§ **Problem statement**
No pictures belong in the result; set down exactly the lines from the one containing "Animated cats and dogs coloring book" through the final line of the listing, and nothing more.

§ **Data segment**
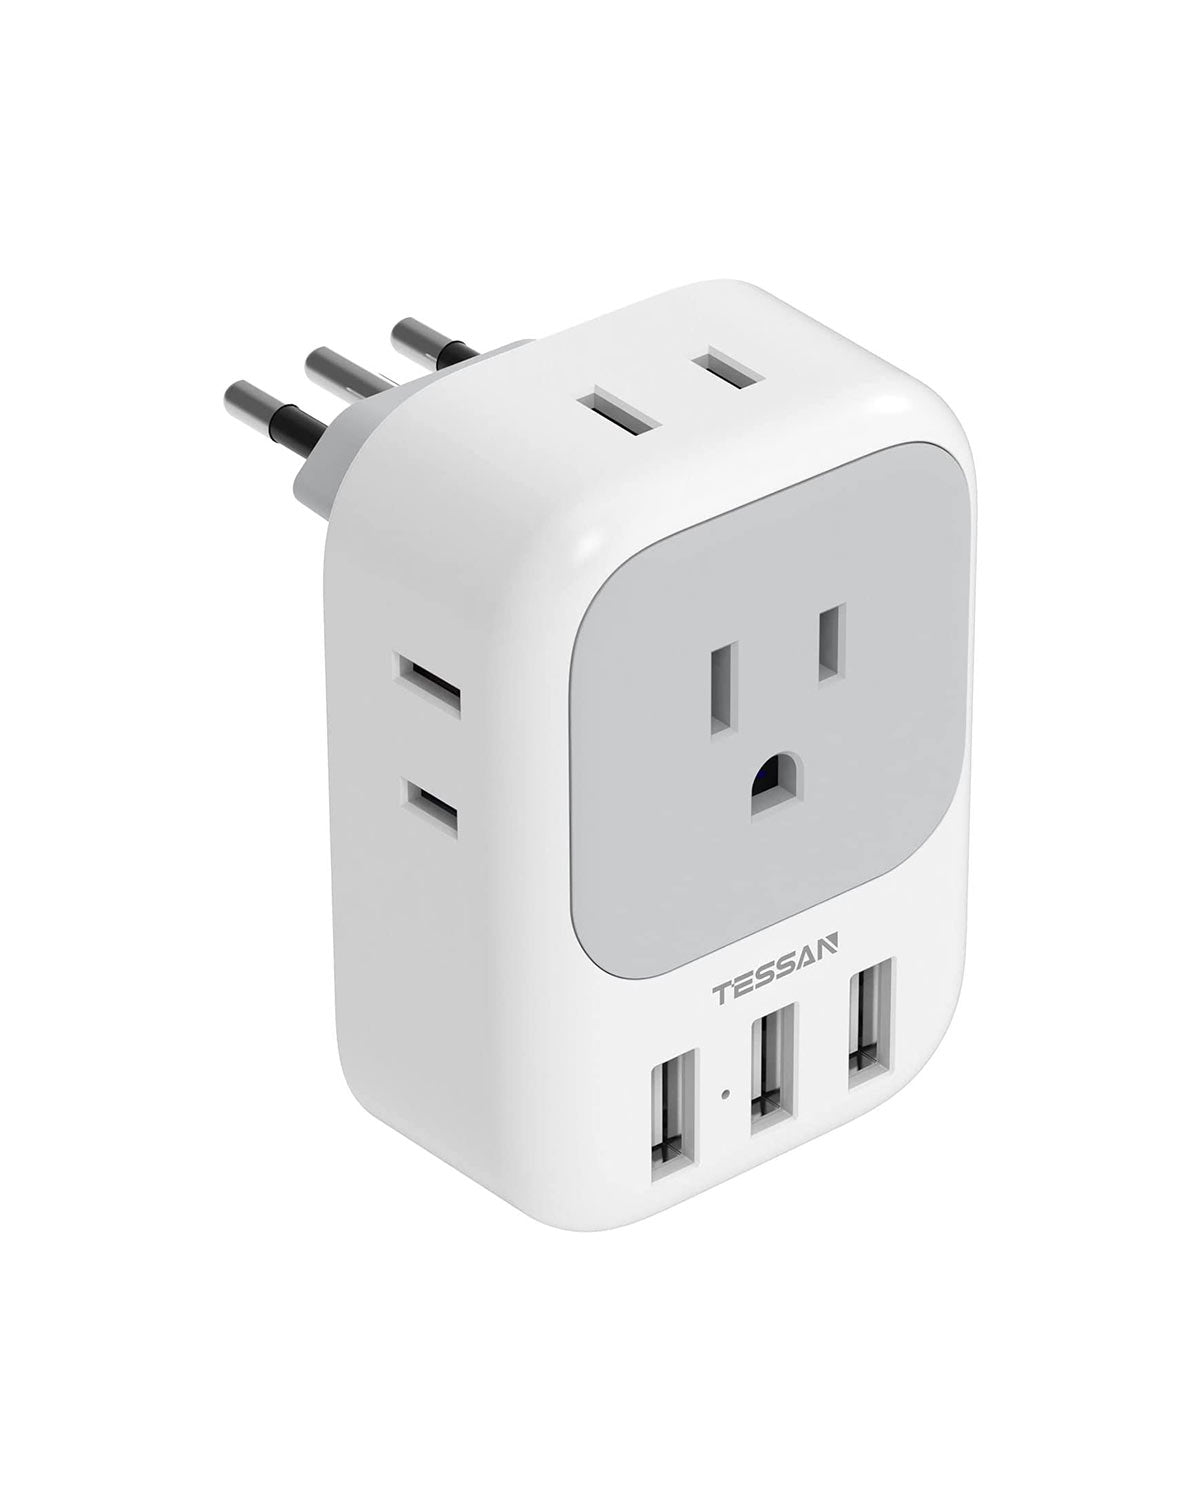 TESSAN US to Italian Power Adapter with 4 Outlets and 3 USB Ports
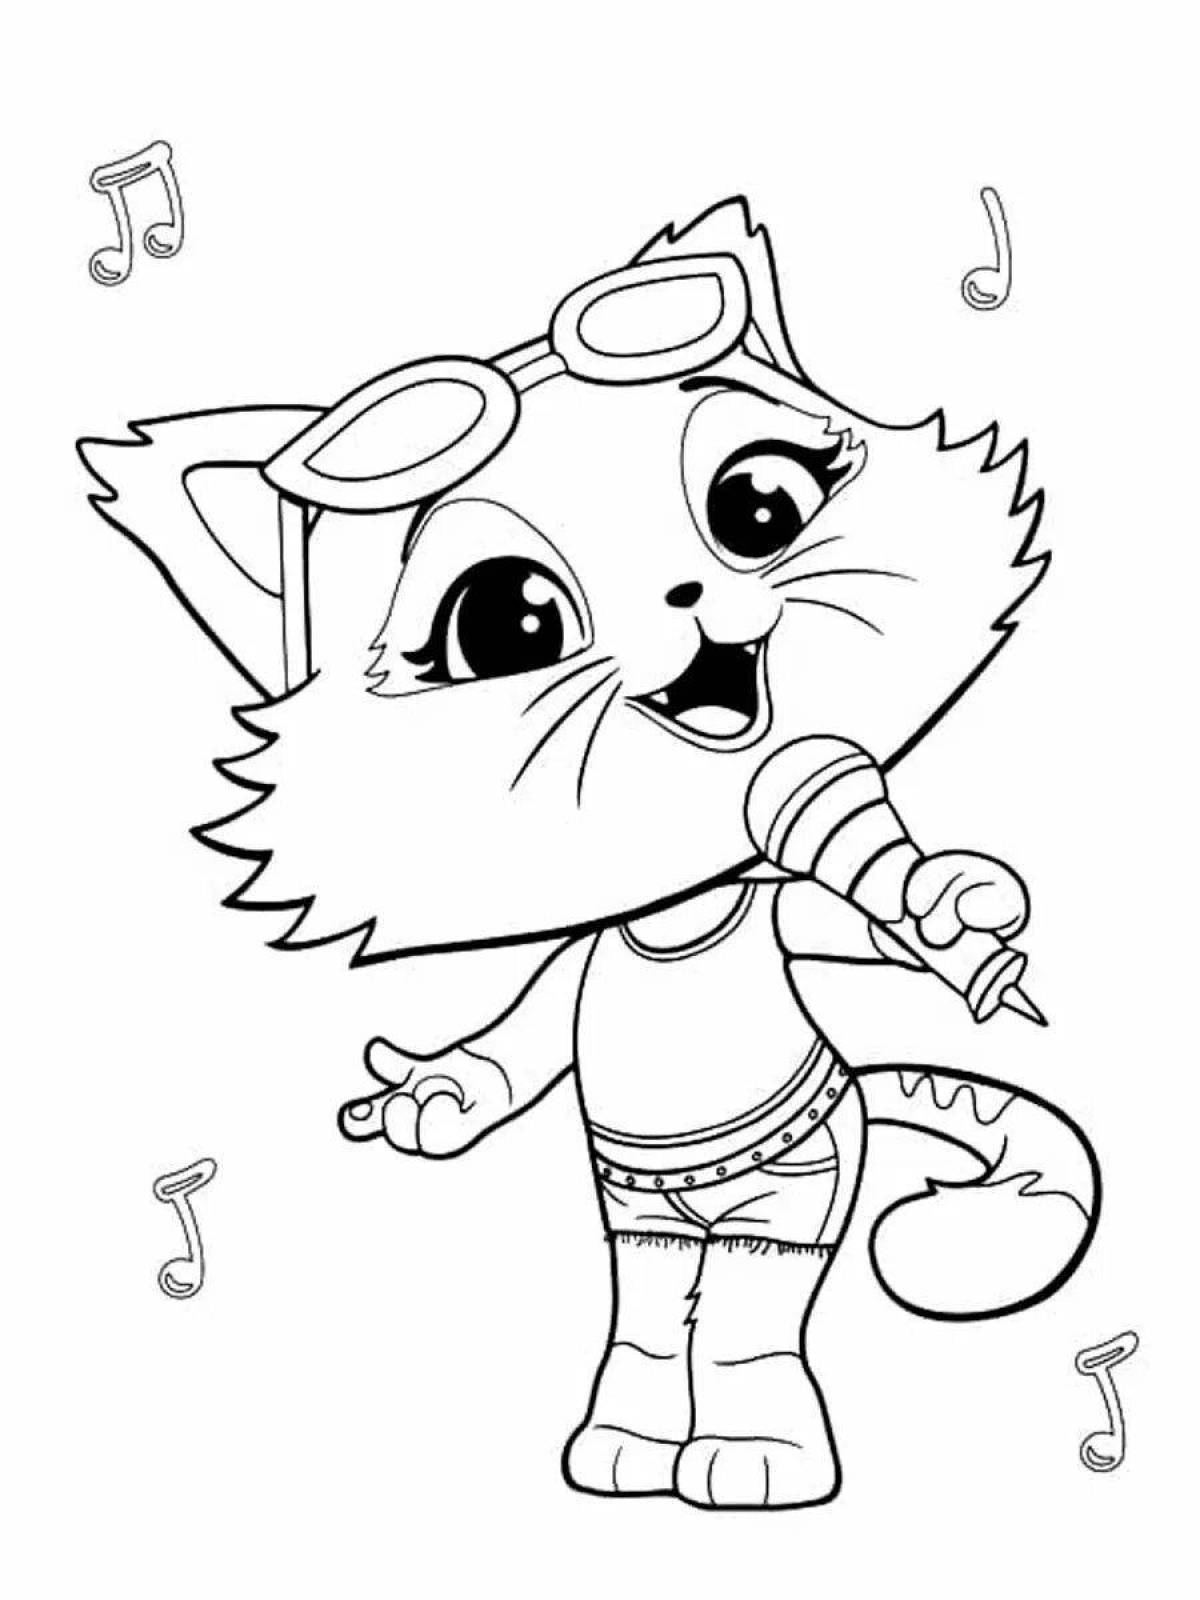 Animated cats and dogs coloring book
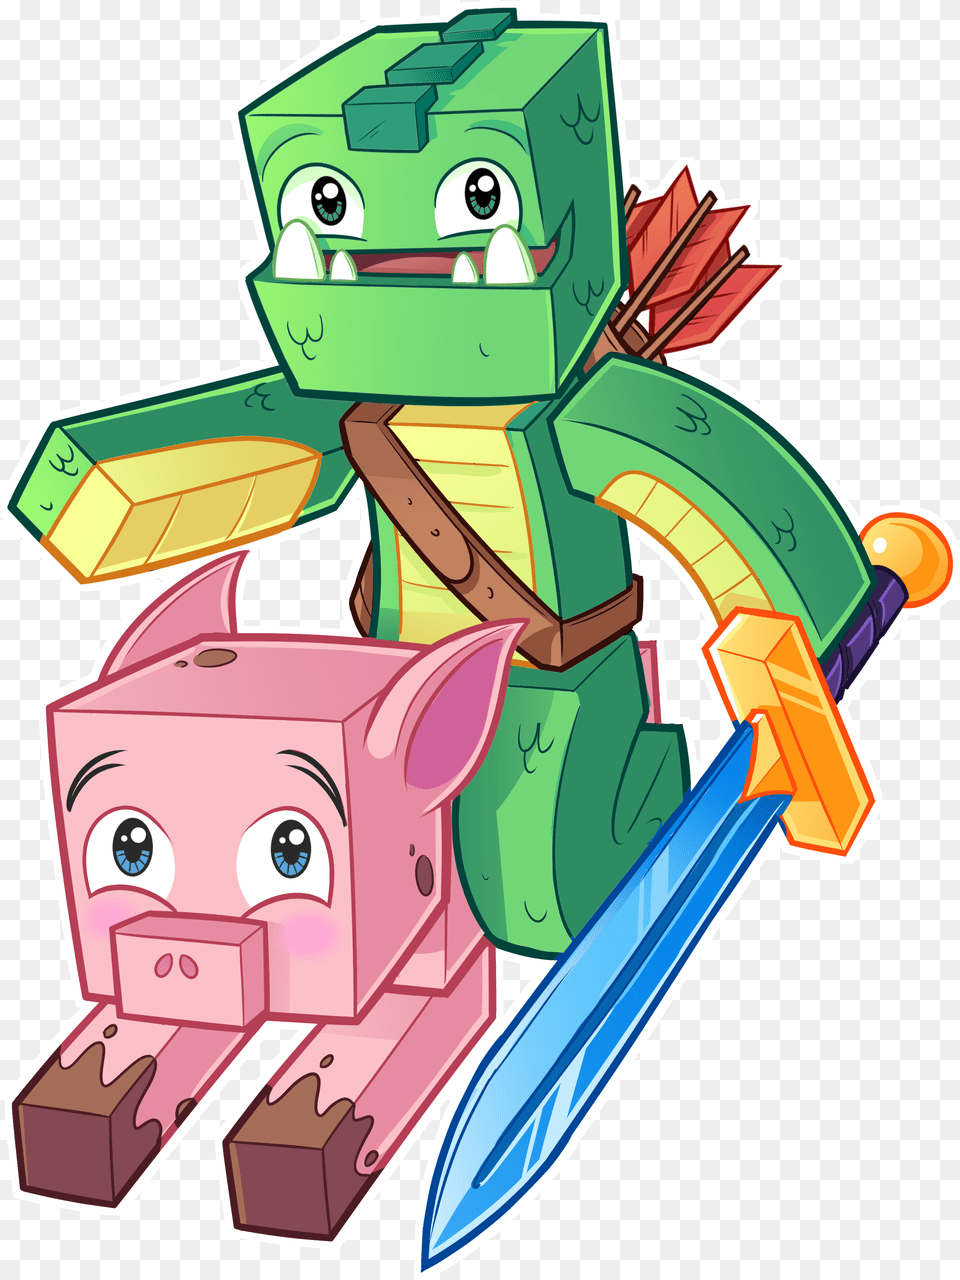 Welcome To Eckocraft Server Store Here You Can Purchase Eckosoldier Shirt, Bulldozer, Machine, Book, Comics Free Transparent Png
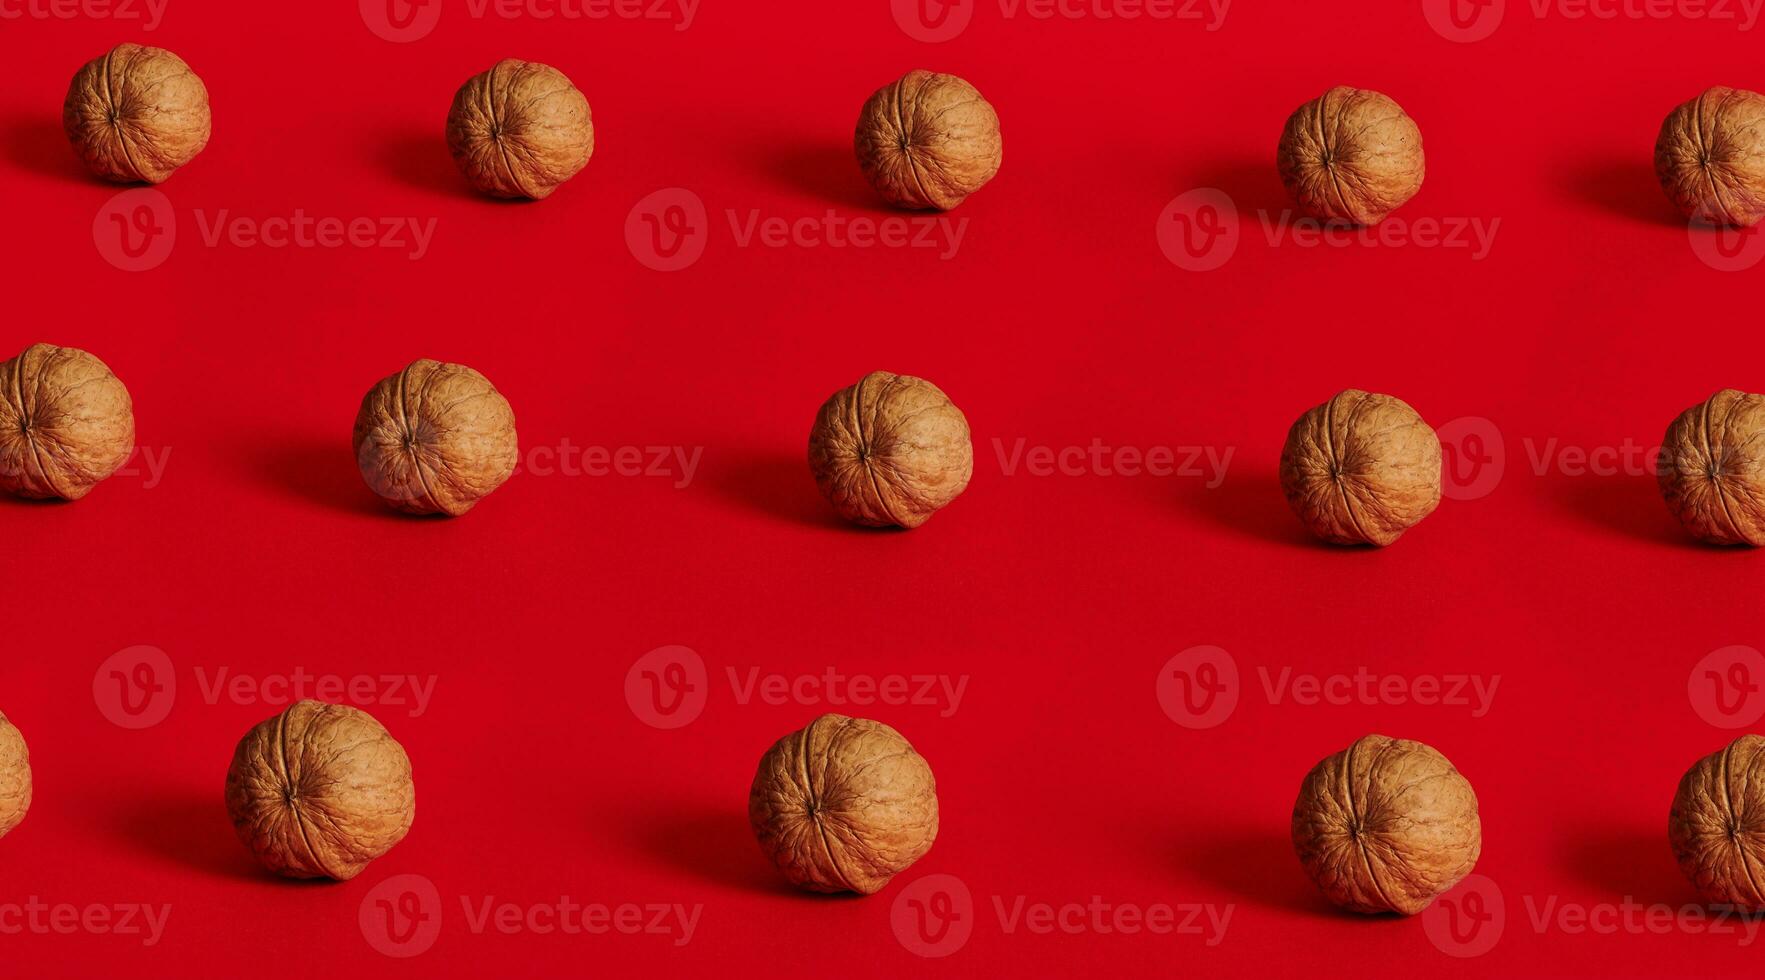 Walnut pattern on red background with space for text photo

§ **Your solution**
 Animated cats and dogs coloring book
 Welcome To Eckocraft Server Store Here You Can Purchase Eckosoldier Shirt, Bulldozer, Machine, Book, Comics Free Transparent Png
 Walnut pattern on red background with space for text photo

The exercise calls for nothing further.